Endothelial cell tube formation

Seventy-five microliters of Matrigel matrix (Corning) were added into each well of 96-well plates and then incubated at 37 °C for 30 min to allow the basement membrane to gel. One hundred microliters of HDMECs (106 cells) were added to each well, and cells were incubated in a 5% CO2 humidified incubator for 4 h at 37 °C. The tubes were then observed with an inverted microscope.

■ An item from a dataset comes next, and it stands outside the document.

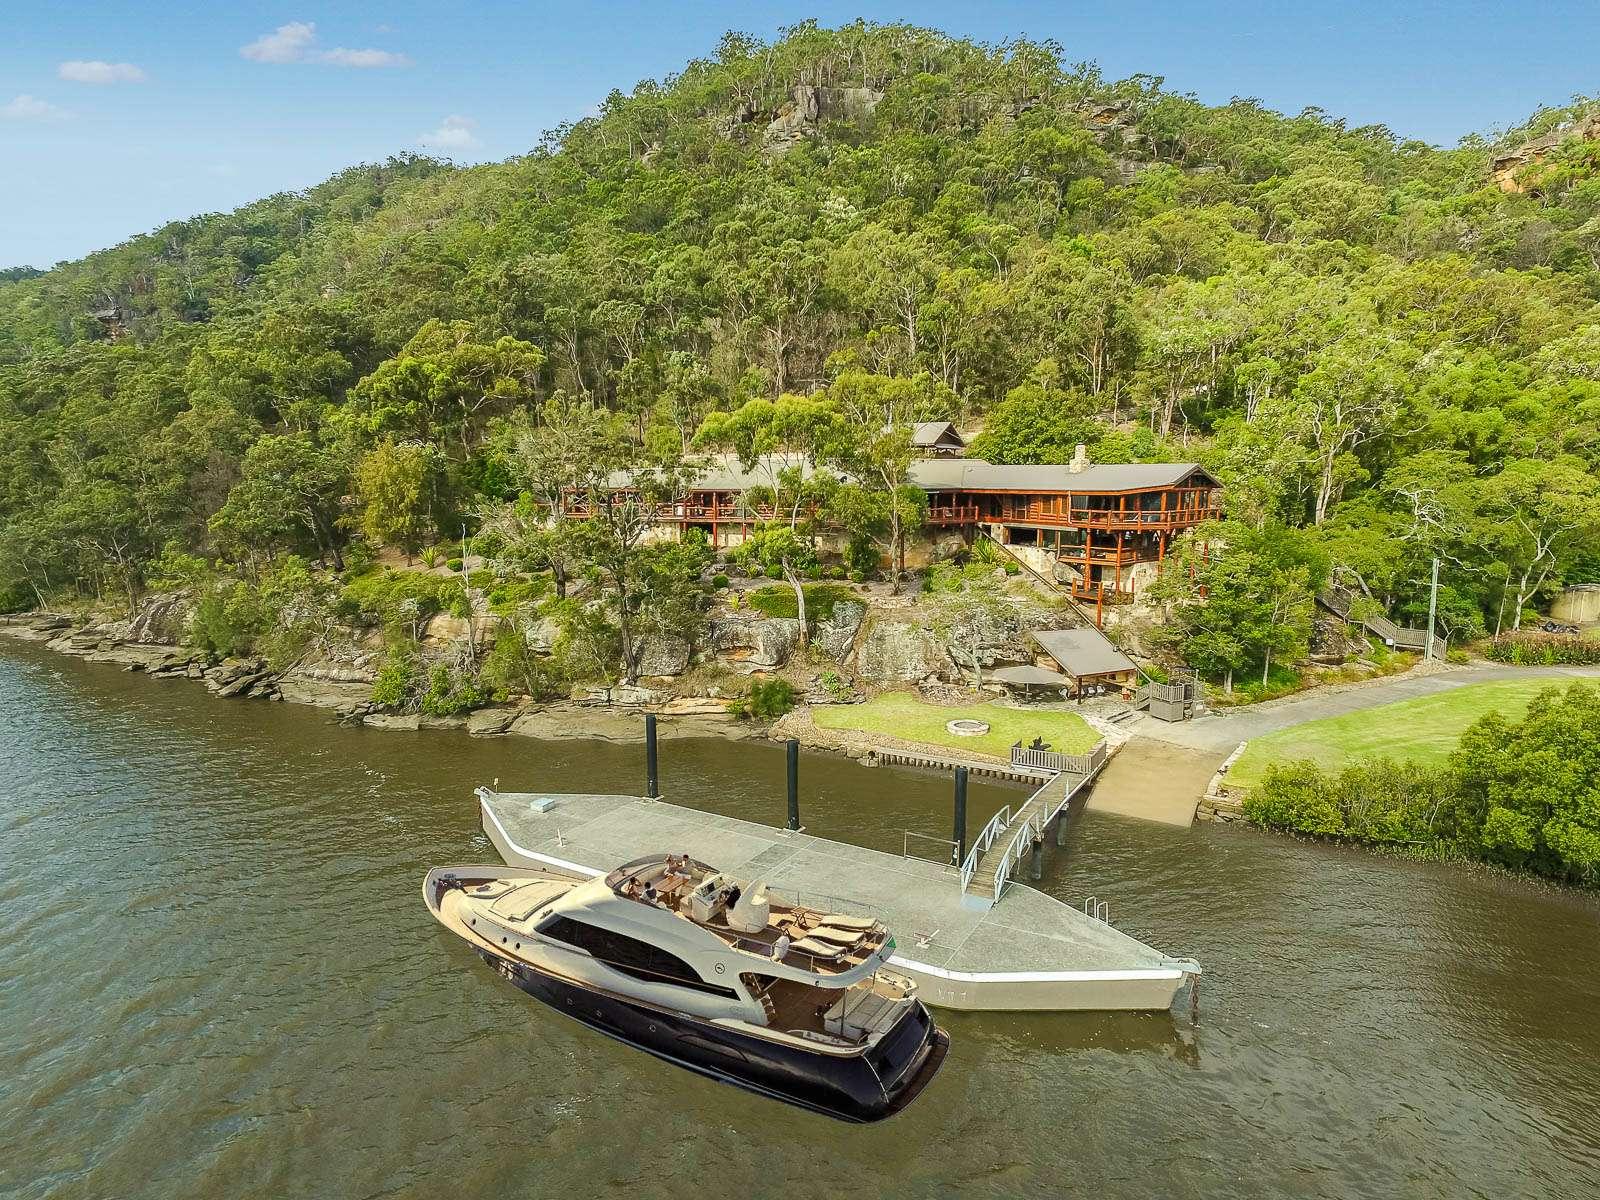 Spencer, NSW 2775

Transendothelial migration of PBMCs

A 24-well Transwell with an 8-μm-pore membrane insert (Corning) was used. PBMCs (106 cells) were added to the top chamber on a confluent monolayer of treated HDMECs. The bottom chamber was filled with 500 μl 1640 Media supplemented with 10% heat-inactivated fetal bovine serum (Hangzhou Sijiqing Biological Technology) and 10 ng/ml MIP-1α (Peprotech). Cells were cultured for 24 h at 37 °C in a 5% CO2, humidified incubator. Transmigrated cells were counted in the lower membranes after staining with toluidine blue.

Statistical analysis

Data are shown as the mean ± SEM. Univariate comparisons were made using a one-way ANOVA or two-sample t test. Count data comparisons were made using a chi-squared test. Correlations were made using Pearson’s r coefficient. P < 0.05 was considered statistically significant. The chi-squared test was performed using SPSS; the other tests were performed using GraphPad Prism software.


Clinical and laboratory features of DM/PM patients

All patients and NC were matched for age, sex, and ethnicity (Table 1). DM patients have higher incidence of interstitial lung disease (ILD) than PM patients and PM patients had higher levels of lactic dehydrogenase (LDH) than DM patients, but there was no difference in creatine kinase (CK), erythrocyte sedimentation rate (ESR), C-reactive protein (CRP), immunoglobulin A (IgA), IgM, and IgG, component 3 (C3) and C4, anti-Jo-1 autoantibody, and anti-Ro-52 autoantibody. More DM patients were treated with thalidomide and hydroxychloroquine, which are both effective in the treatment of rashes.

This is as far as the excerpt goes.